10.Clinical efficacy and survival analysis of totally thoracoscopic redo mitral valve replacement
Peijian WEI ; Jian LIU ; Jiexu MA ; Zhao CHEN ; Yuyuan ZHANG ; Tong TAN ; Yanjun LIU ; Hongxiang WU ; Huanlei HUANG ; Jimei CHEN ; Jian ZHUANG ; Huiming GUO
Chinese Journal of Clinical Thoracic and Cardiovascular Surgery 2023;30(05):731-737
Objective To analyze the clinical efficacy and survival outcome of totally thoracoscopic redo mitral valve replacement and evaluate its efficiency and safety.

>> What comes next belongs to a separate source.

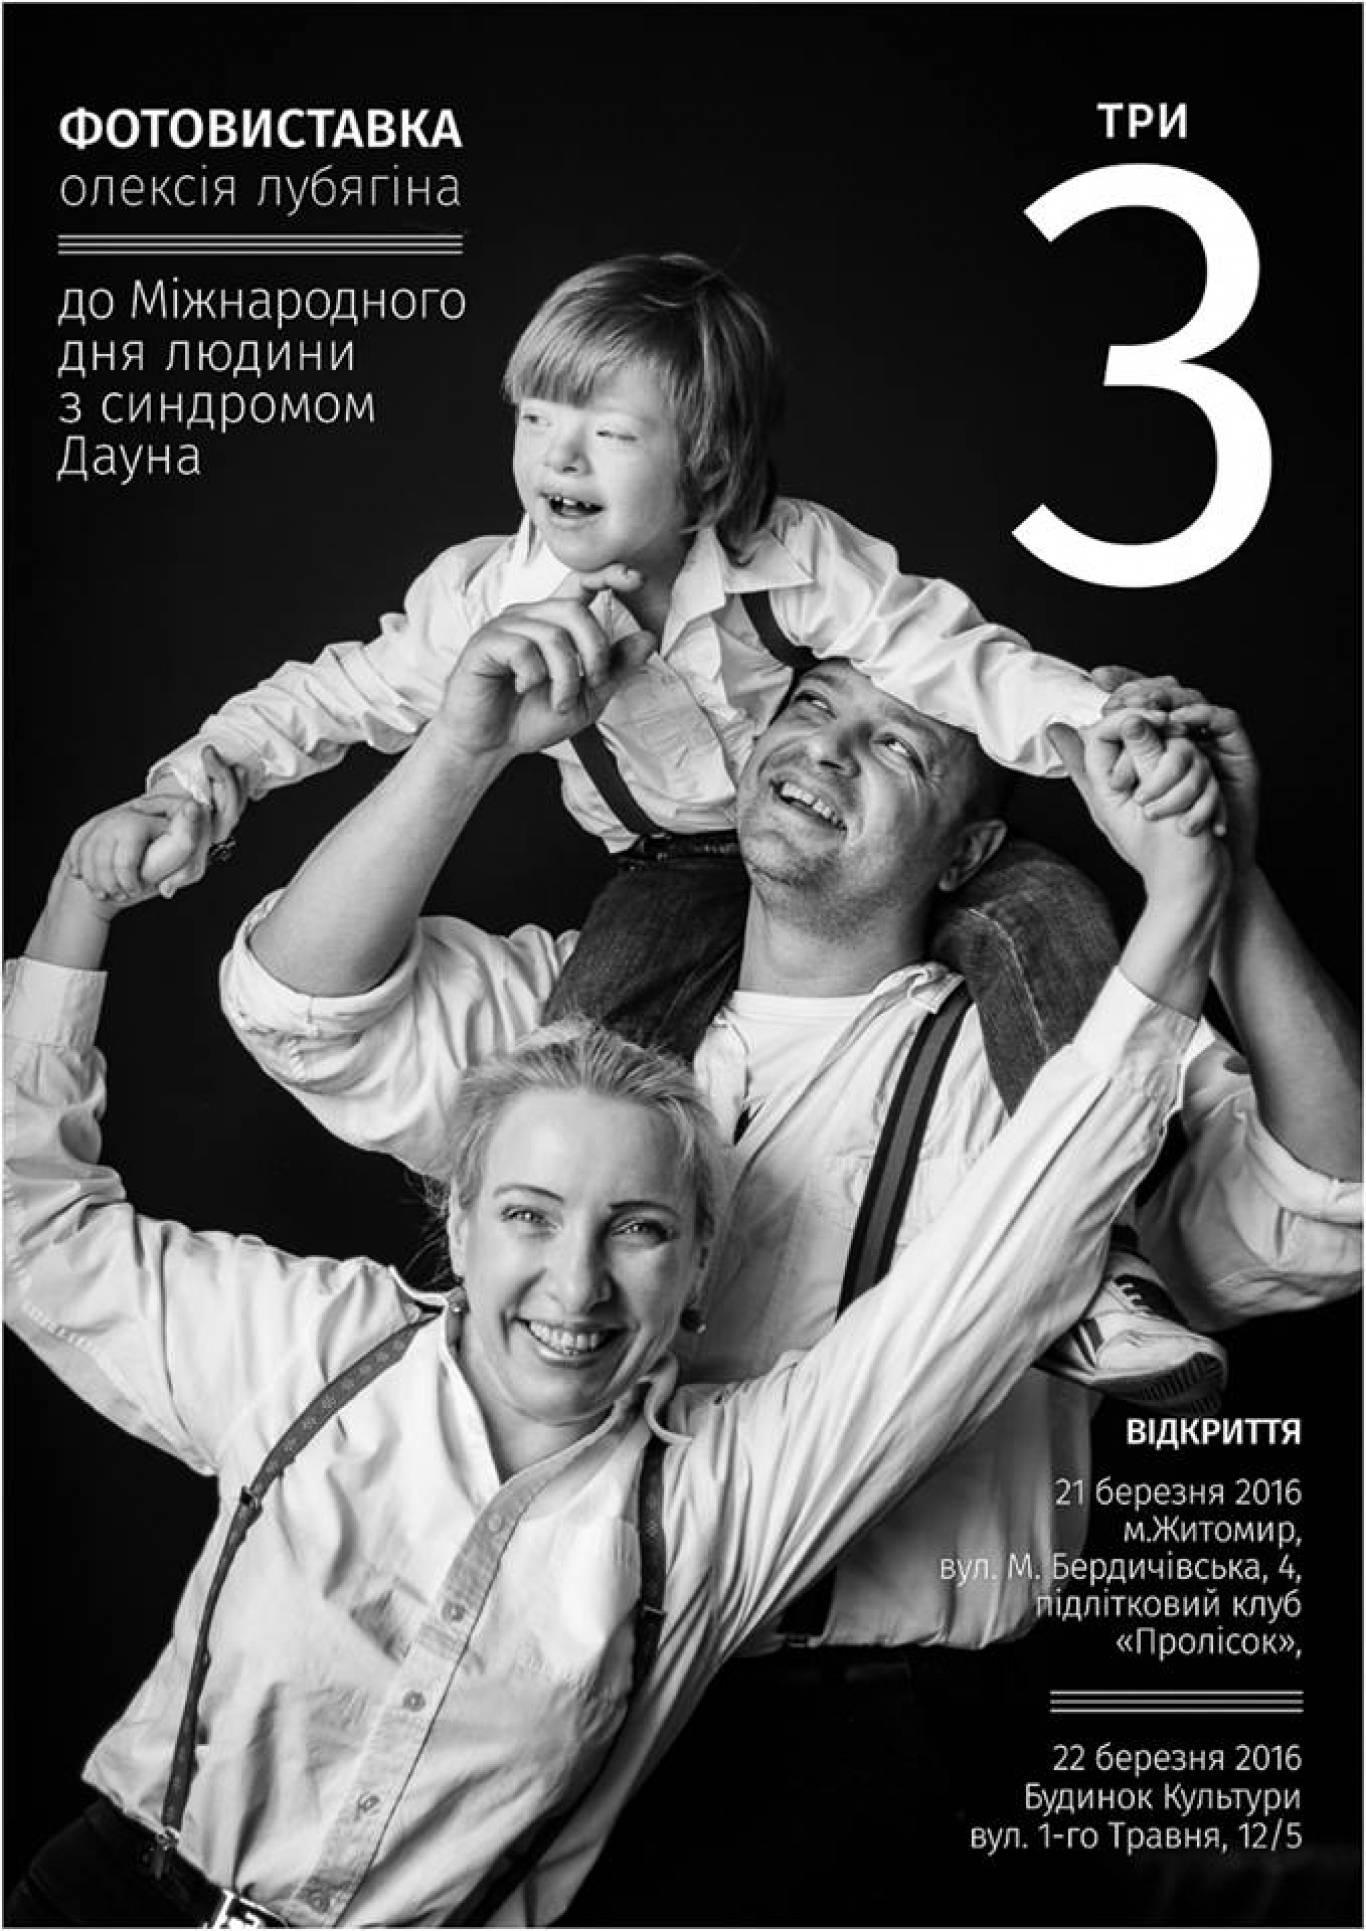 """Фотовиставка Олексія Лубягіна """"3 (ТРИ)"""""""

Methods The clinical data of patients with totally thoracoscopic redo mitral valve replacement in Guangdong Provincial People’s Hospital between 2013 and 2019 were retrospectively analyzed. Survival analysis was performed using the Kaplan-Meier method. Univariate and multivariate Cox regression analyses were used to determine the risk factors for postoperative death. Results There were 48 patients including 29 females and 19 males with a median age of 53 (44, 66) years. All the procedures were performed successfully with no conversion to median sternotomy. A total of 15, 10 and 23 patients received surgeries under non-beating heart, beating heart and ventricular fibrillation, respectively. The in-hospital mortality rate was 6.25% (3/48), and the incidence of early postoperative complications was 18.75% (9/48). Thirty-five (72.92%) patients had their tracheal intubation removed within 24 hours after the operation. The 1- and 6-year survival rates were 89.50% (95%CI 81.30%-98.70%) and 82.90%(95%CI 71.50%-96.20%), respectively. Age>65 years was an independent risk factor for postoperative death (P=0.04). Conclusion Totally thoracoscopic redo mitral valve replacement is safe and reliable, with advantages of rapid recovery, reducing blood transfusion rate, reducing postoperative complications and acceptable long-term survival rate. It is worthy of being widely popularized in the clinic.